Please, in the data that follows, copy exactly the lines from the line with "Farmer Giles of" through the last one, both included. Do not include pictures.

§ **Provided material**:
- - - -

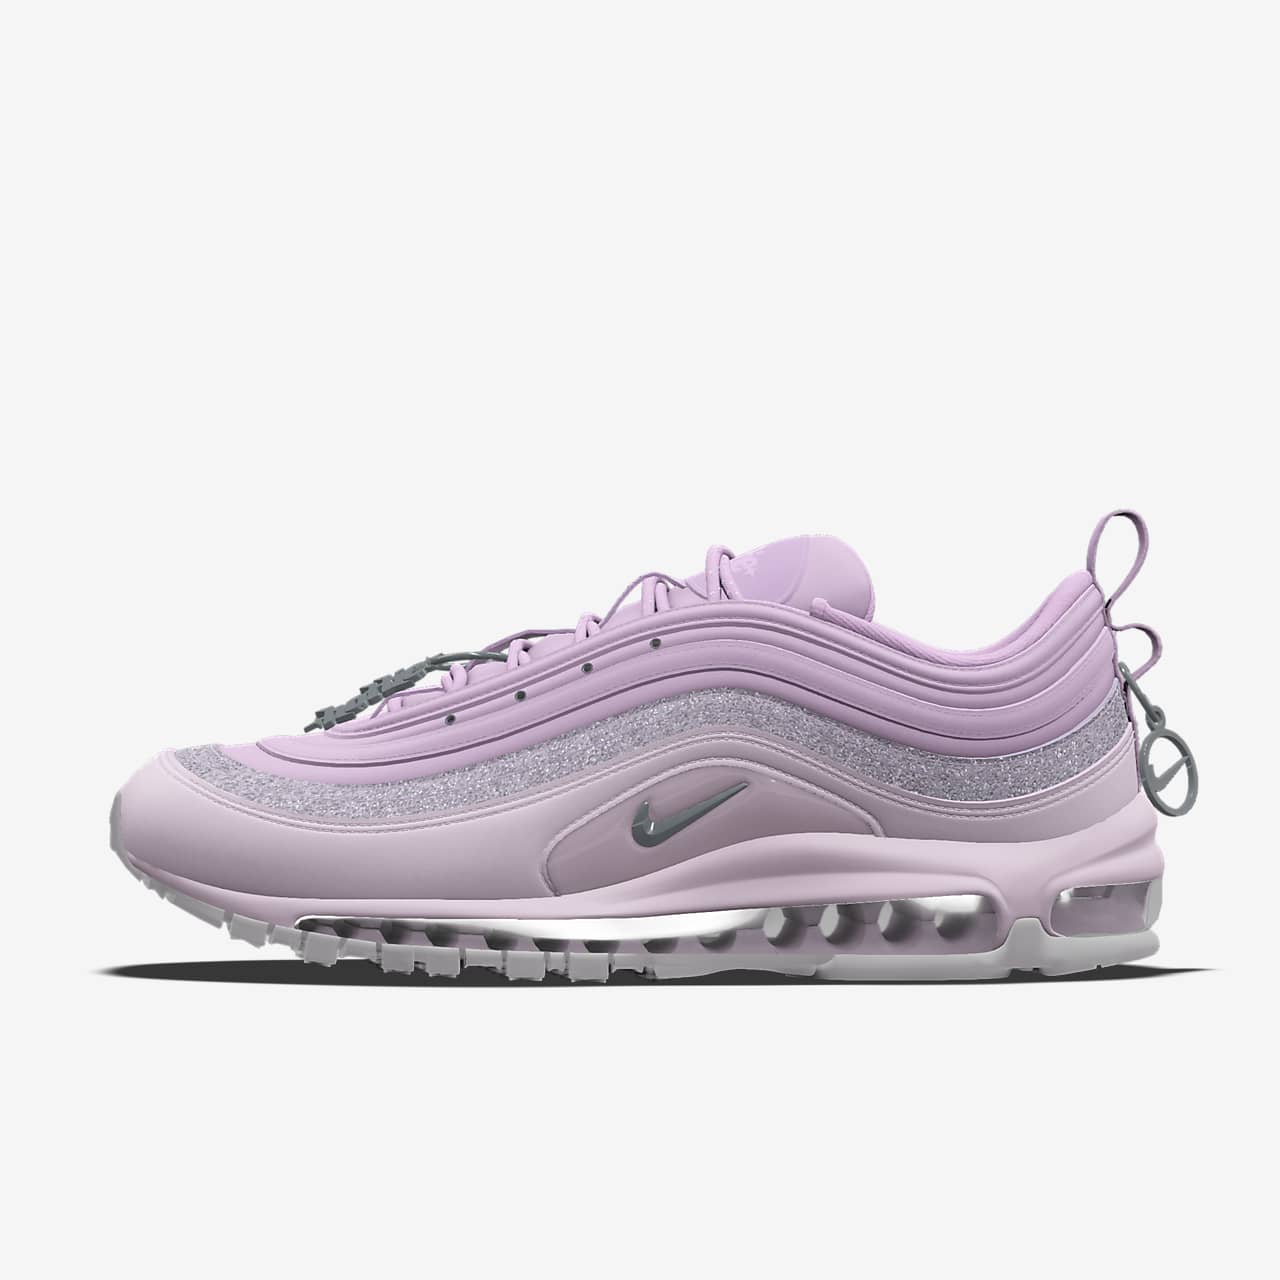 Nike Air Max 97 "Something For Thee Hotties" By You 专属定制运动鞋
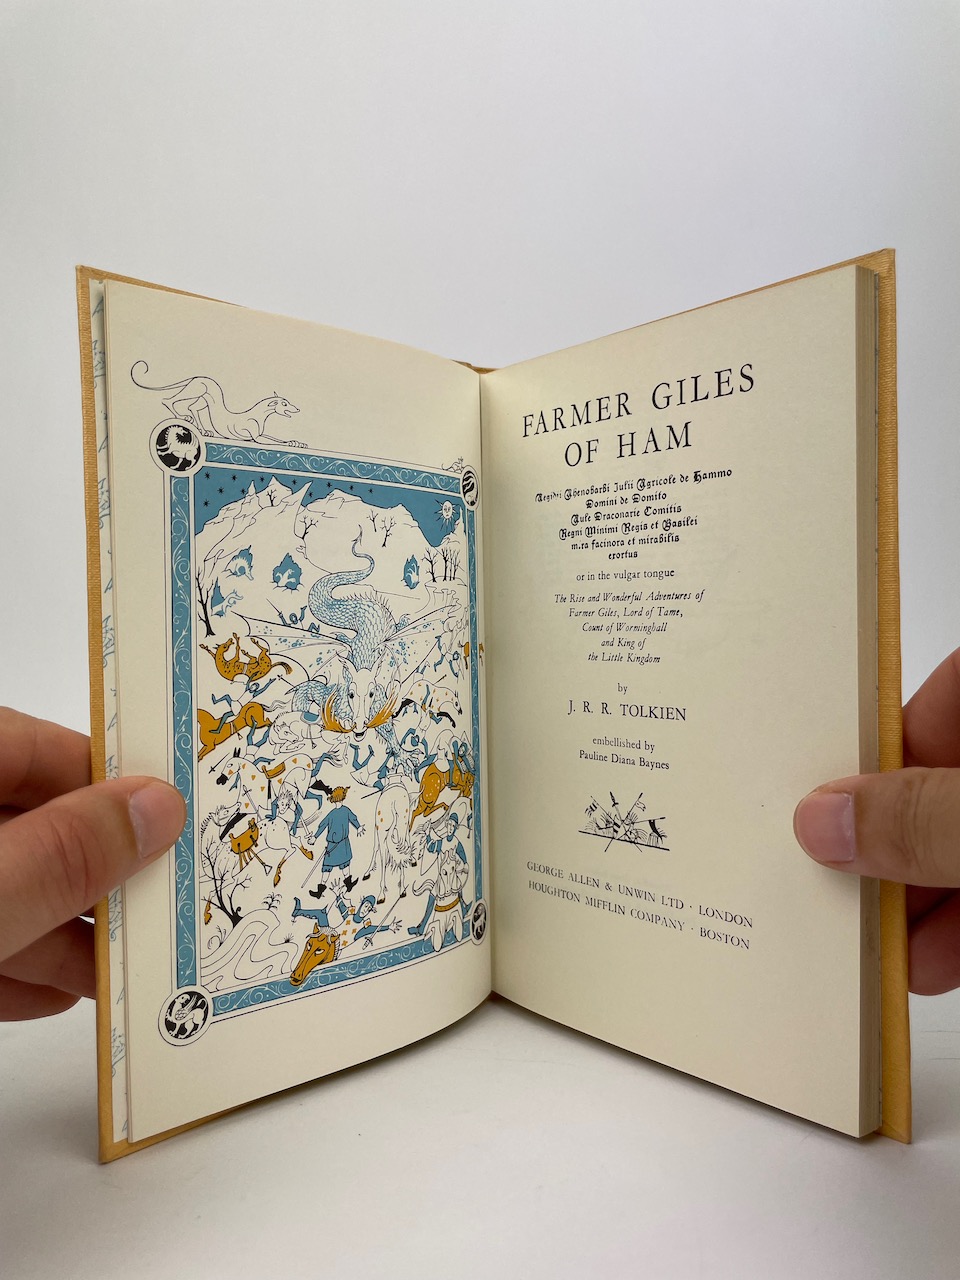 Farmer Giles of Ham, The Rise and Wonderful Adventures of Farmer Giles, 9th impression from 1972 12
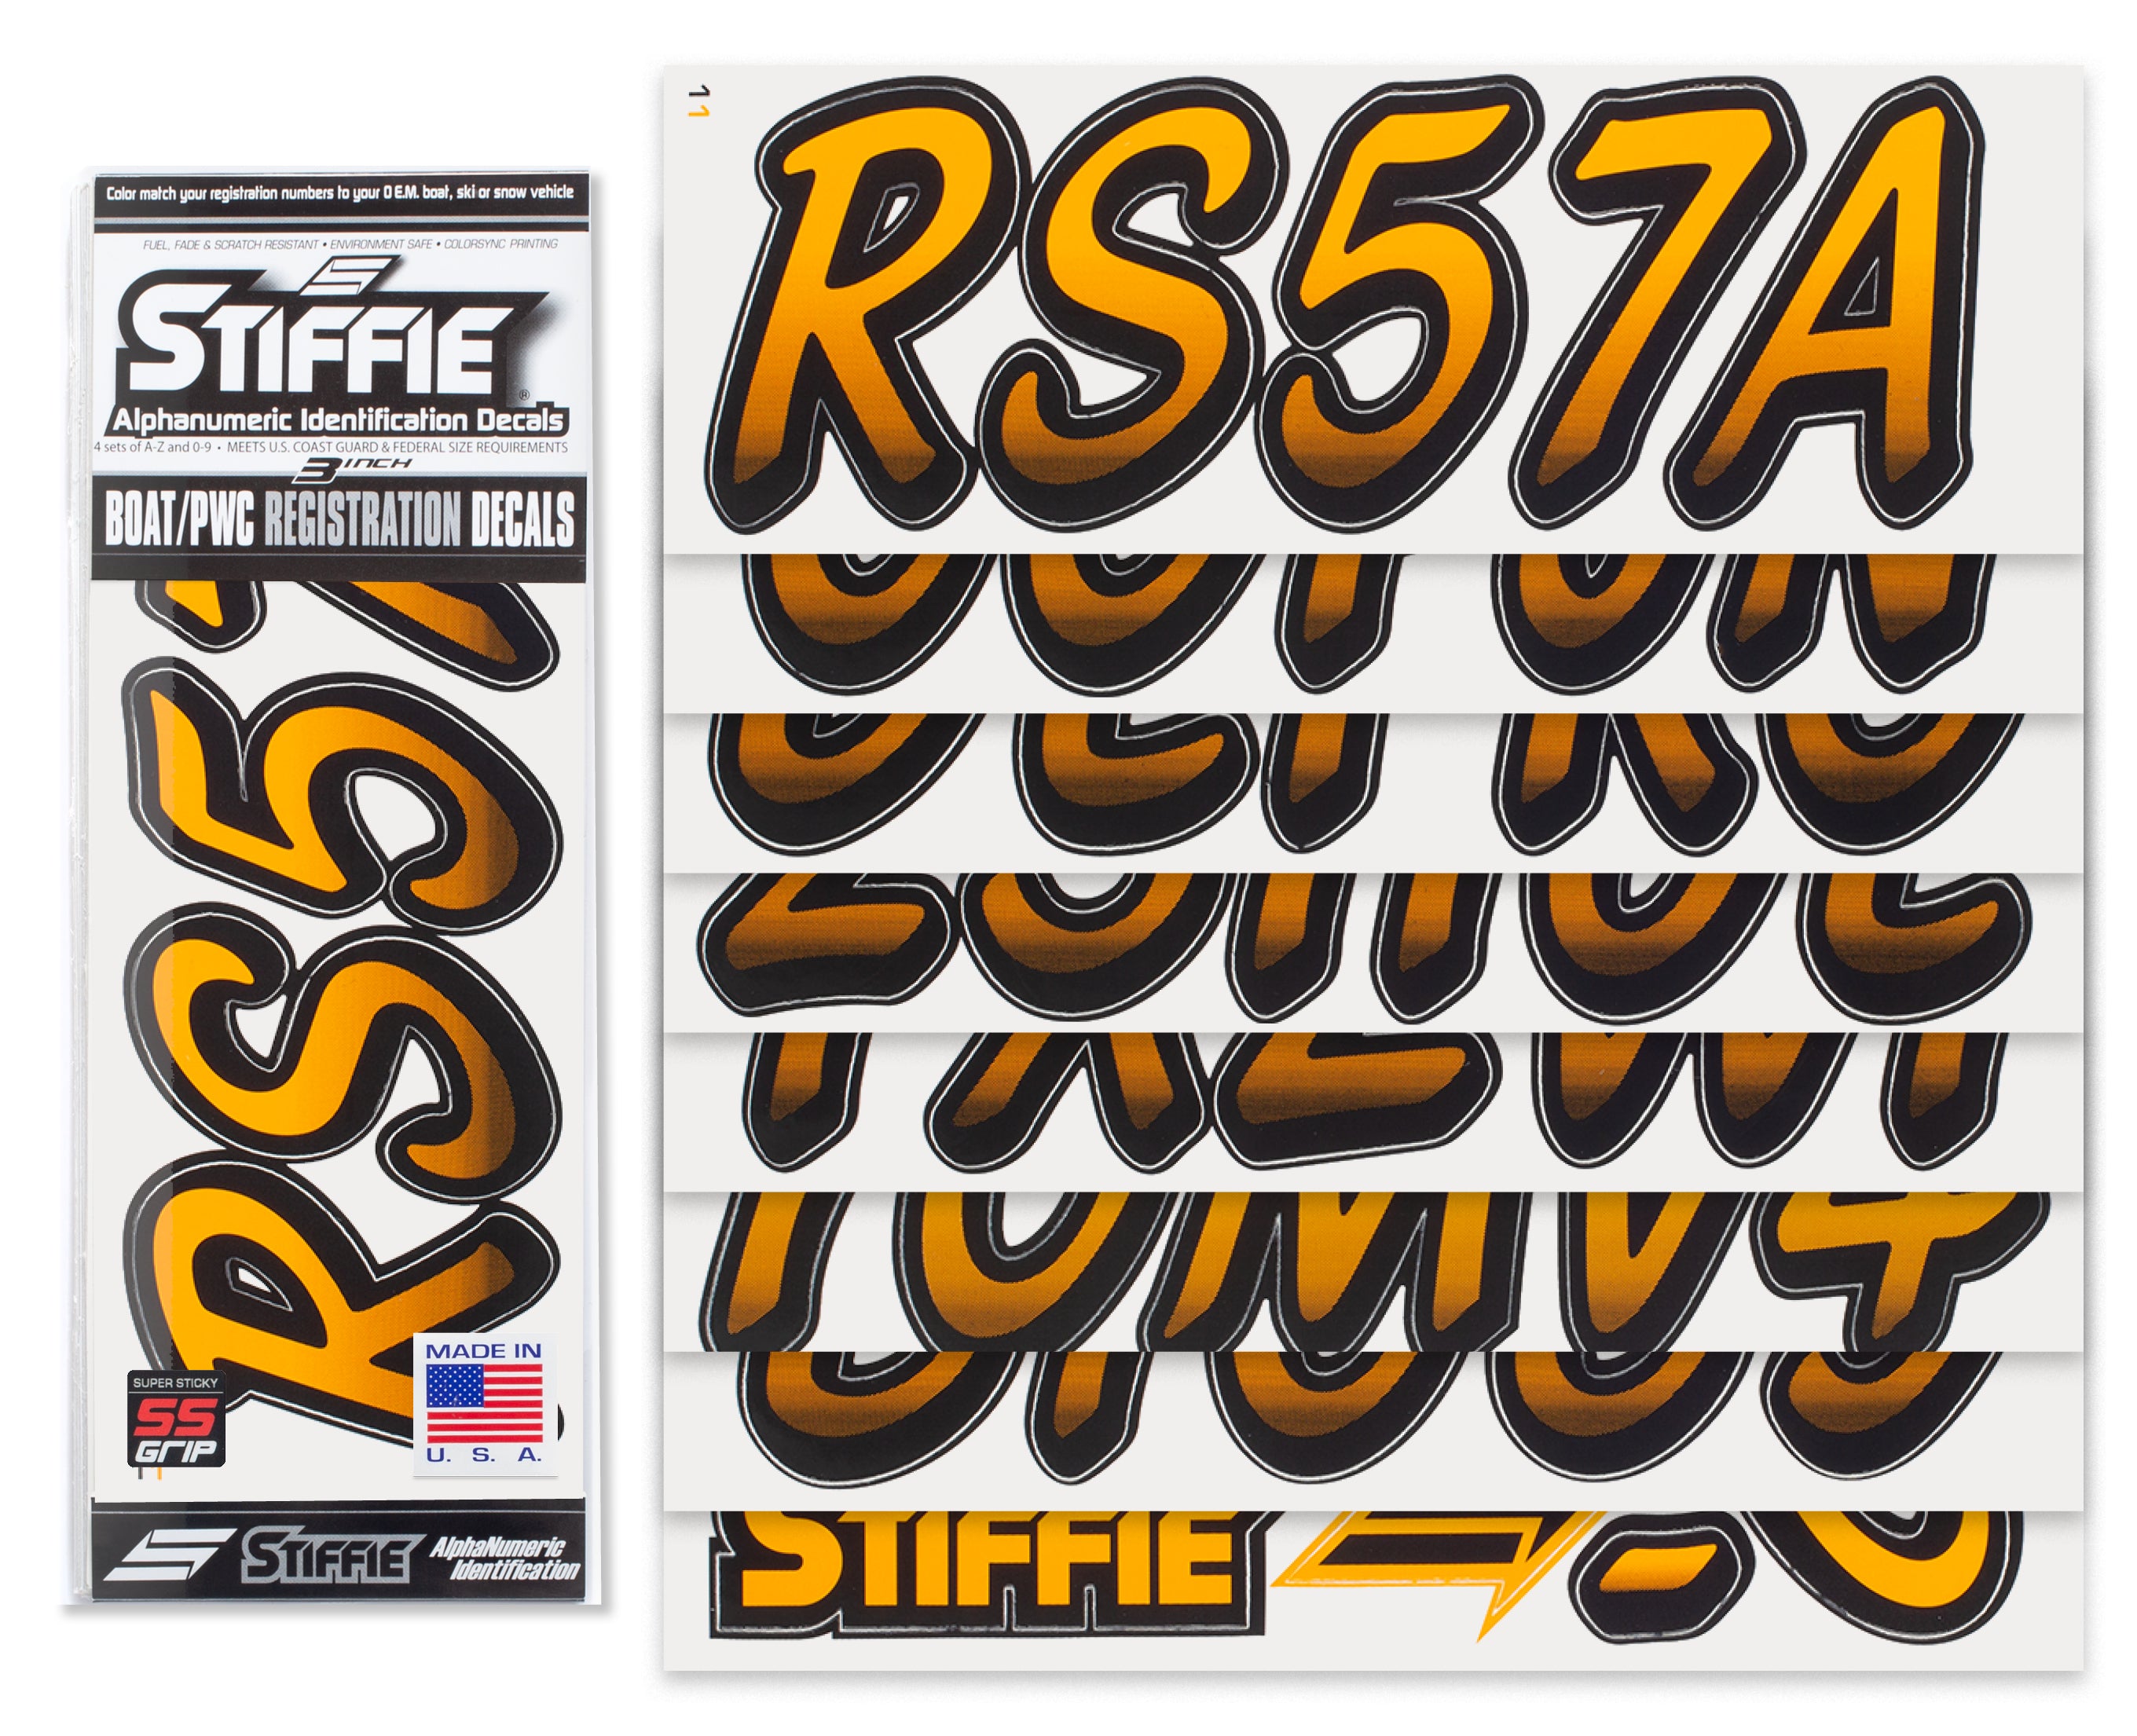 STIFFIE Whipline Orange Crush/Black Super Sticky 3" Alpha Numeric Registration Identification Numbers Stickers Decals for Sea-Doo Spark, Inflatable Boats, Ribs, Hypalon/PVC, PWC and Boats.

- - - -

§ **Exercise result**:
 Farmer Giles of Ham, The Rise and Wonderful Adventures of Farmer Giles, 9th impression from 1972 12
 STIFFIE Whipline Orange Crush/Black Super Sticky 3" Alpha Numeric Registration Identification Numbers Stickers Decals for Sea-Doo Spark, Inflatable Boats, Ribs, Hypalon/PVC, PWC and Boats.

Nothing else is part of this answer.